→ **What needs to be done**:
Leave out all images and set down the records exactly as given.

→ **Entries provided**:
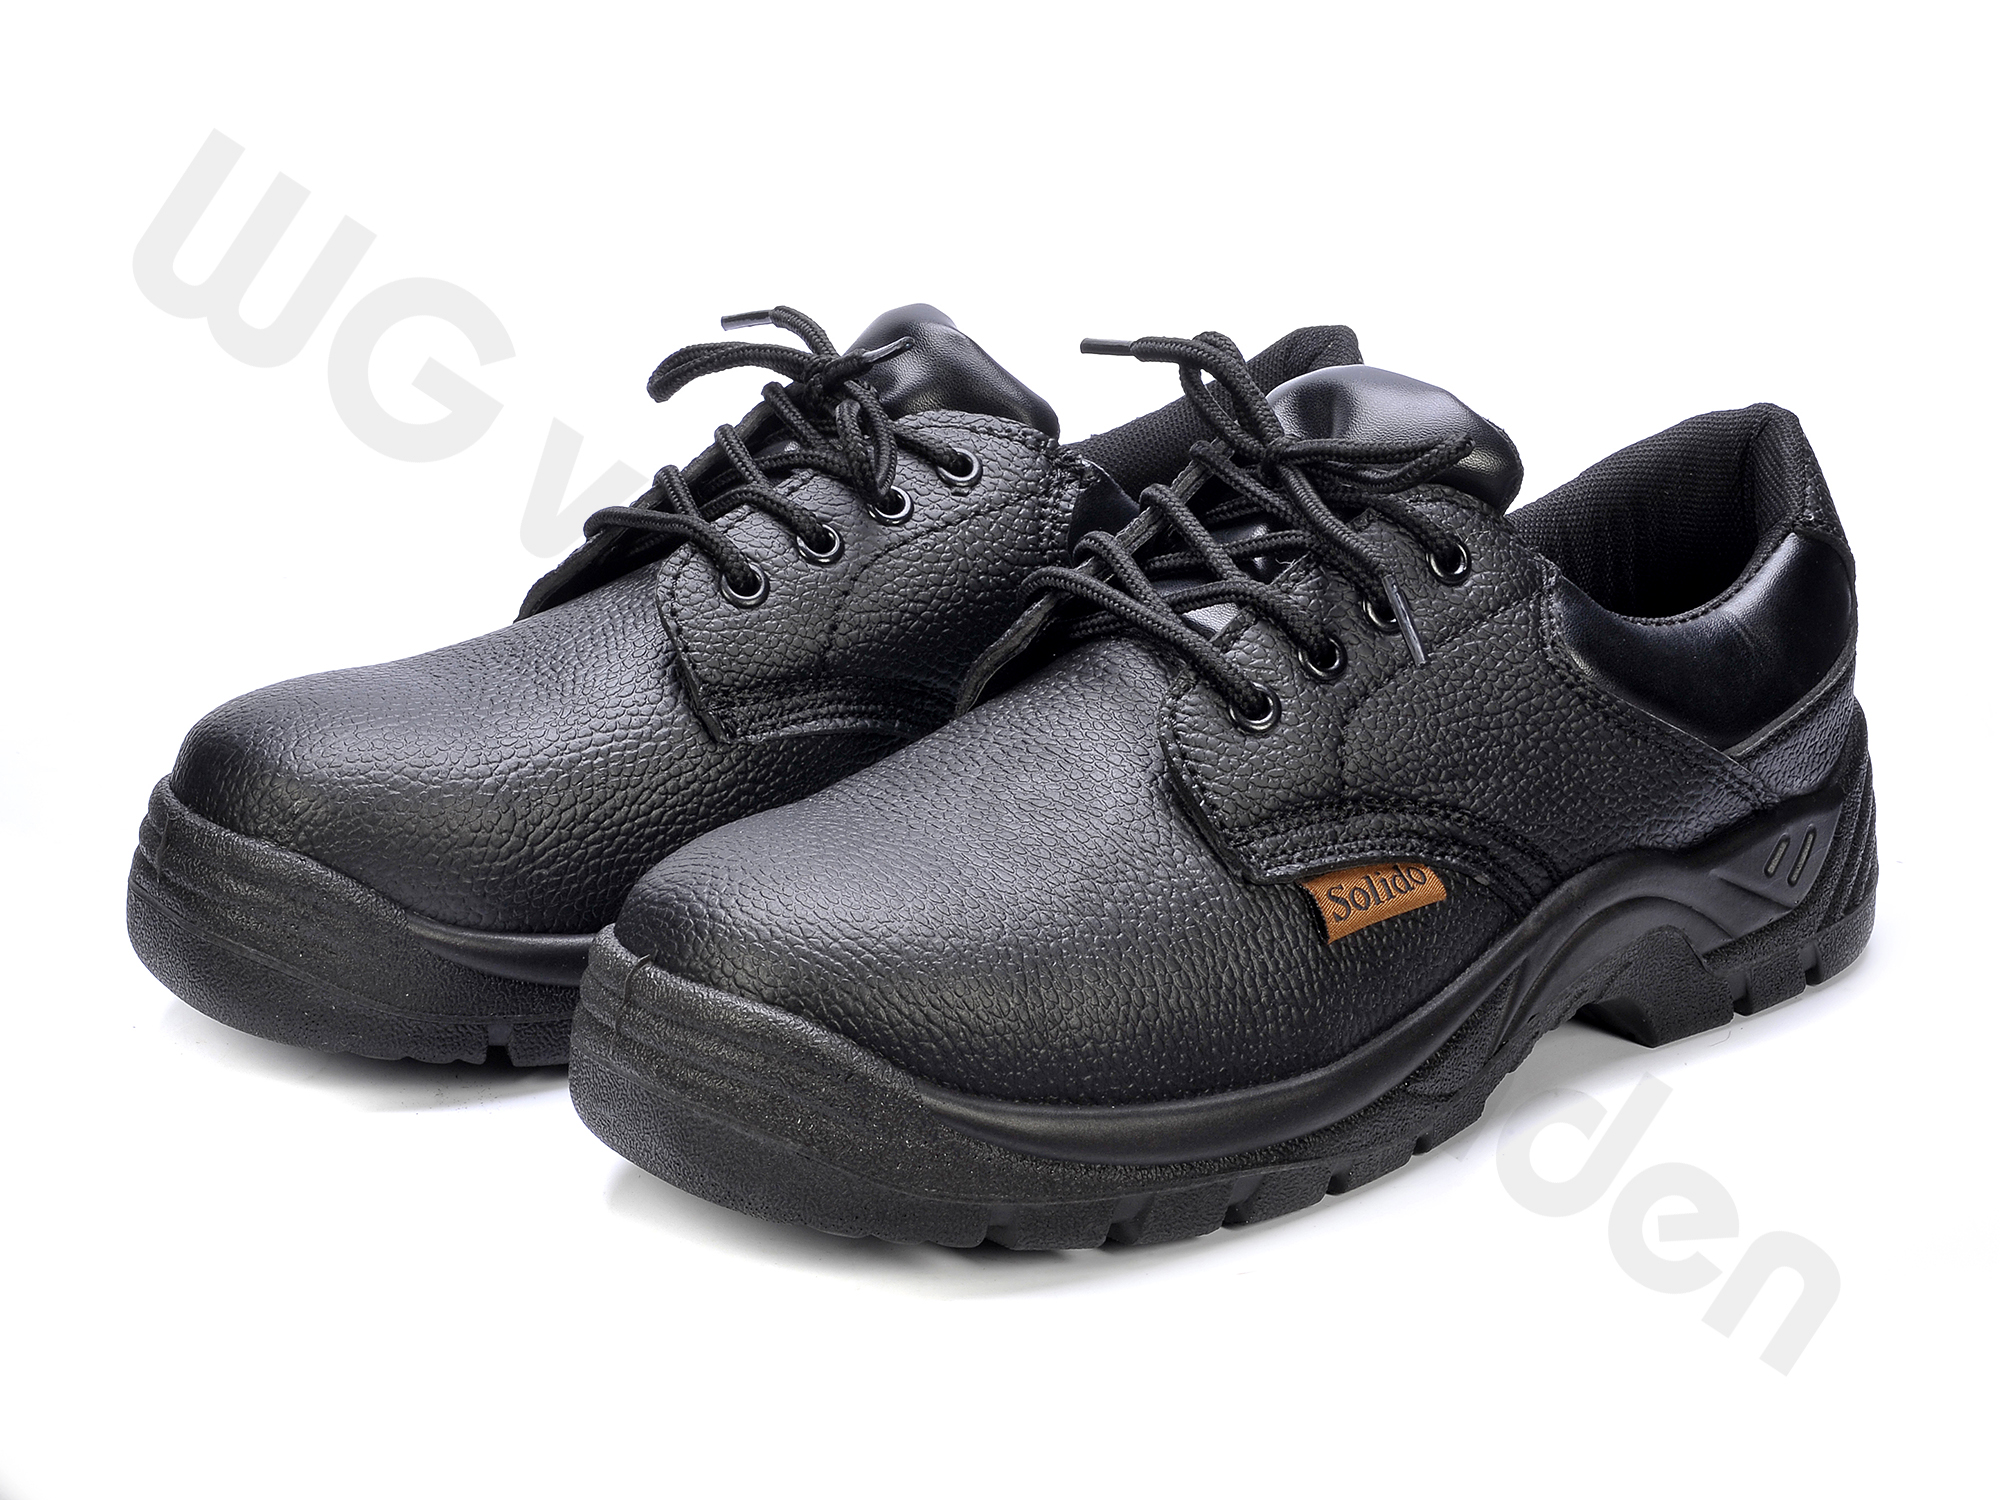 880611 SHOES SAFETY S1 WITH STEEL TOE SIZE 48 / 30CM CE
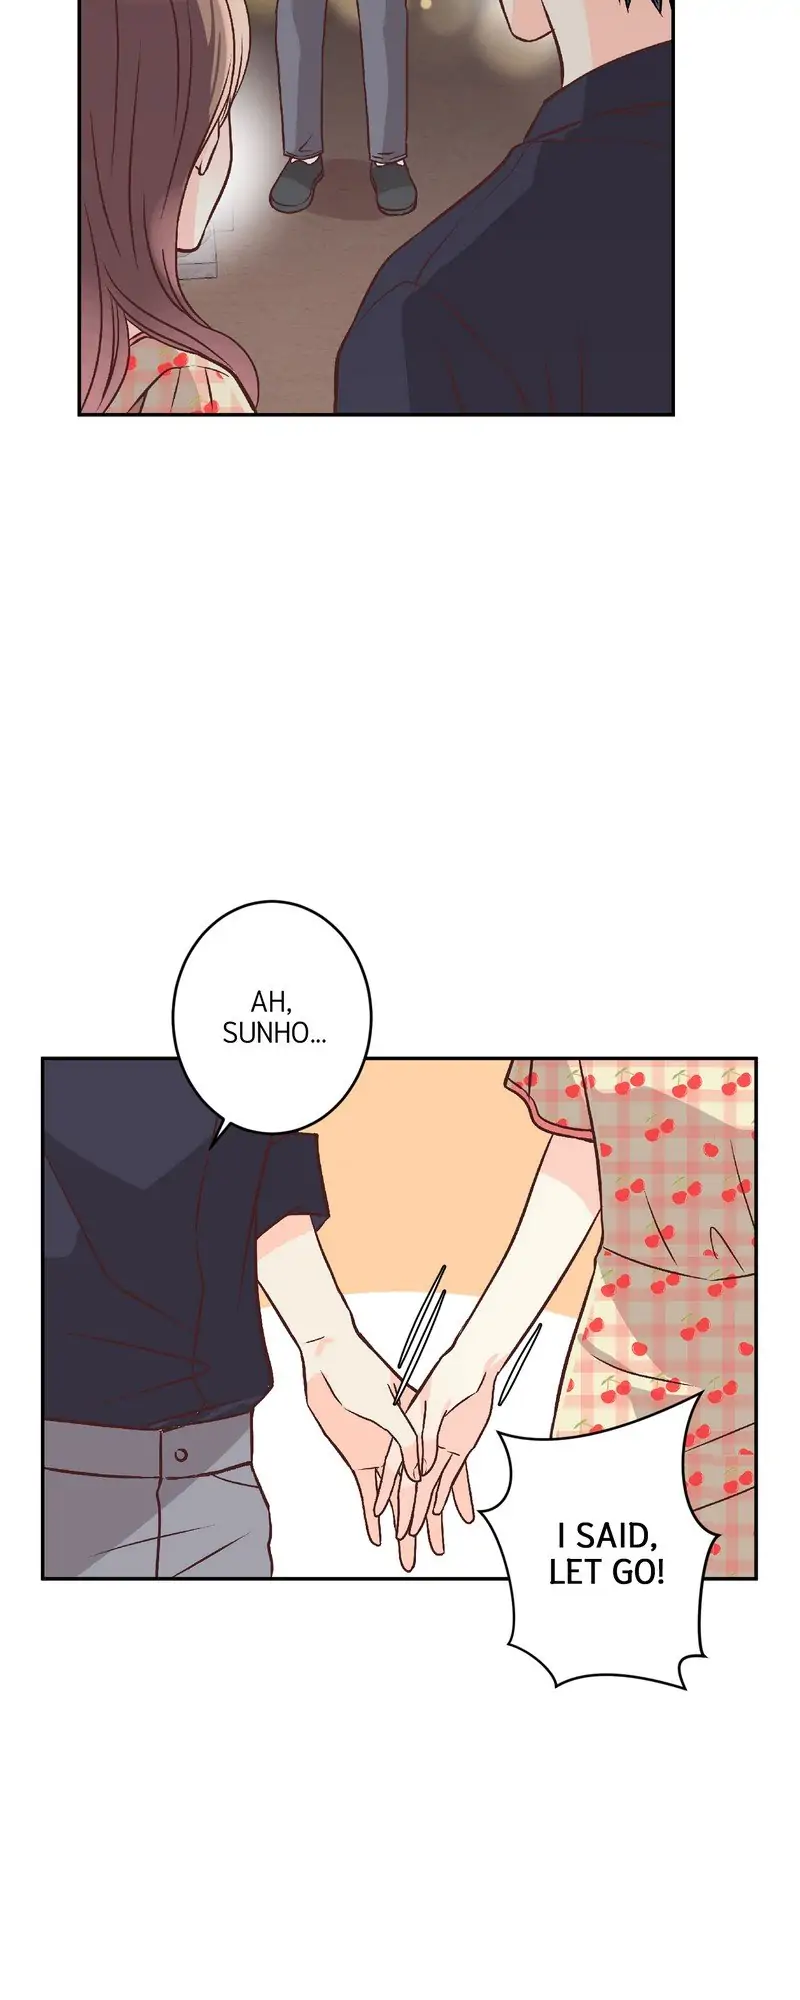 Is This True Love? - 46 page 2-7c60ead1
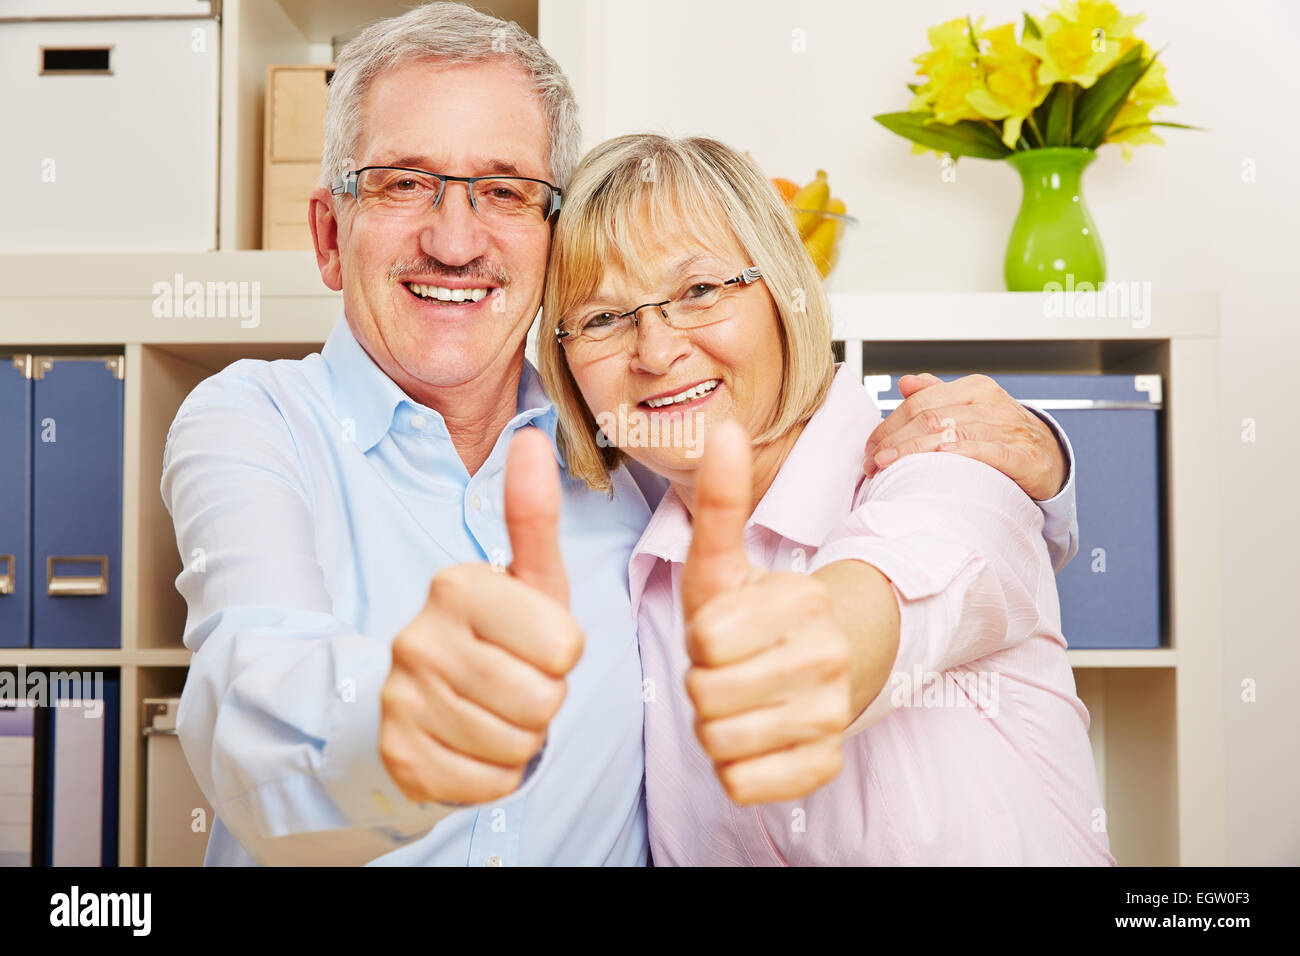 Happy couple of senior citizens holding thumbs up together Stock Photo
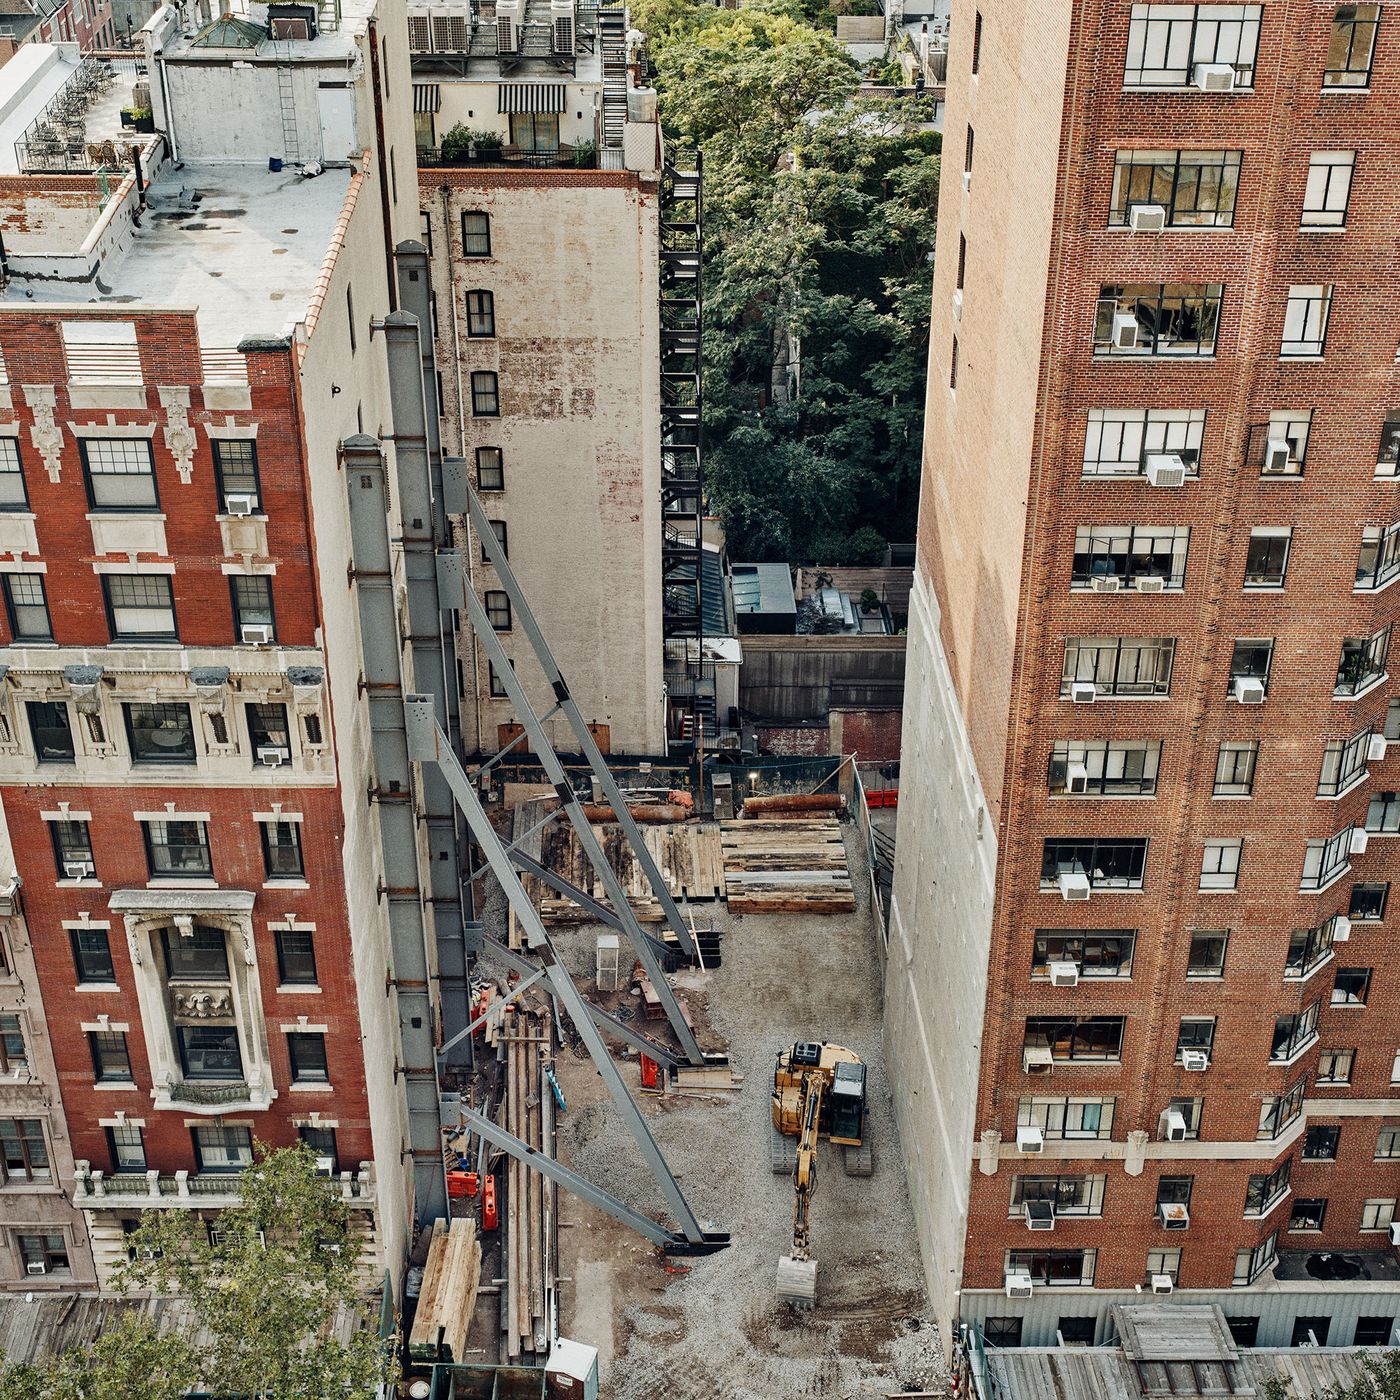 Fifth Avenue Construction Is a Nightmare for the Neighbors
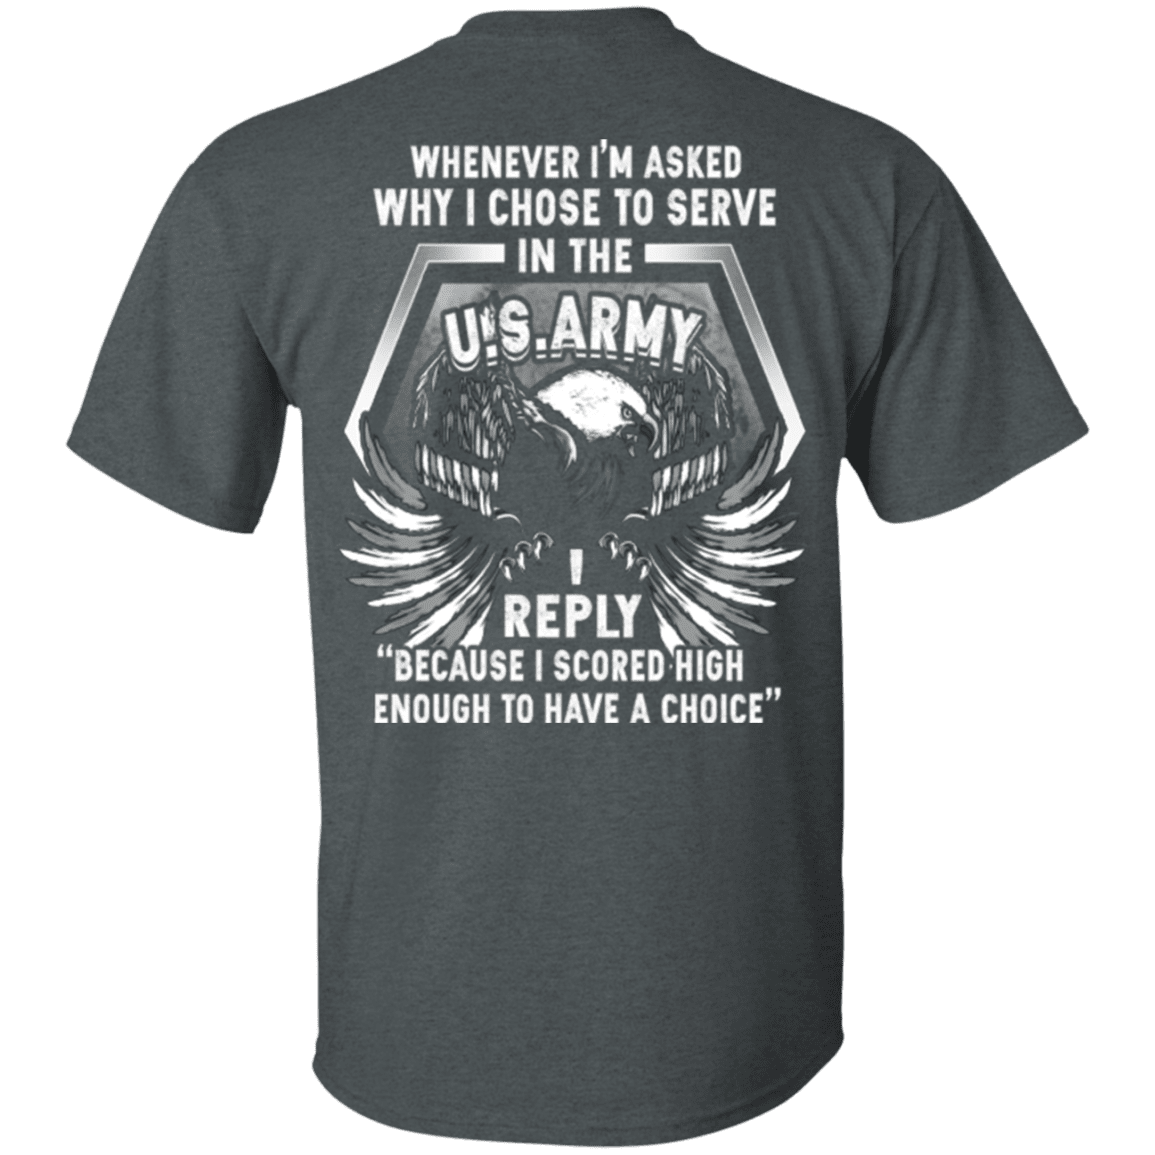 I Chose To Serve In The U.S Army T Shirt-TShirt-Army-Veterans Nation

→ **Completed exercise**:
 880611 SHOES SAFETY S1 WITH STEEL TOE SIZE 48 / 30CM CE
 Is This True Love? - 46 page 2-7c60ead1
 Happy couple of senior citizens holding thumbs up together Stock Photo
 Fifth Avenue Construction Is a Nightmare for the Neighbors
 I Chose To Serve In The U.S Army T Shirt-TShirt-Army-Veterans Nation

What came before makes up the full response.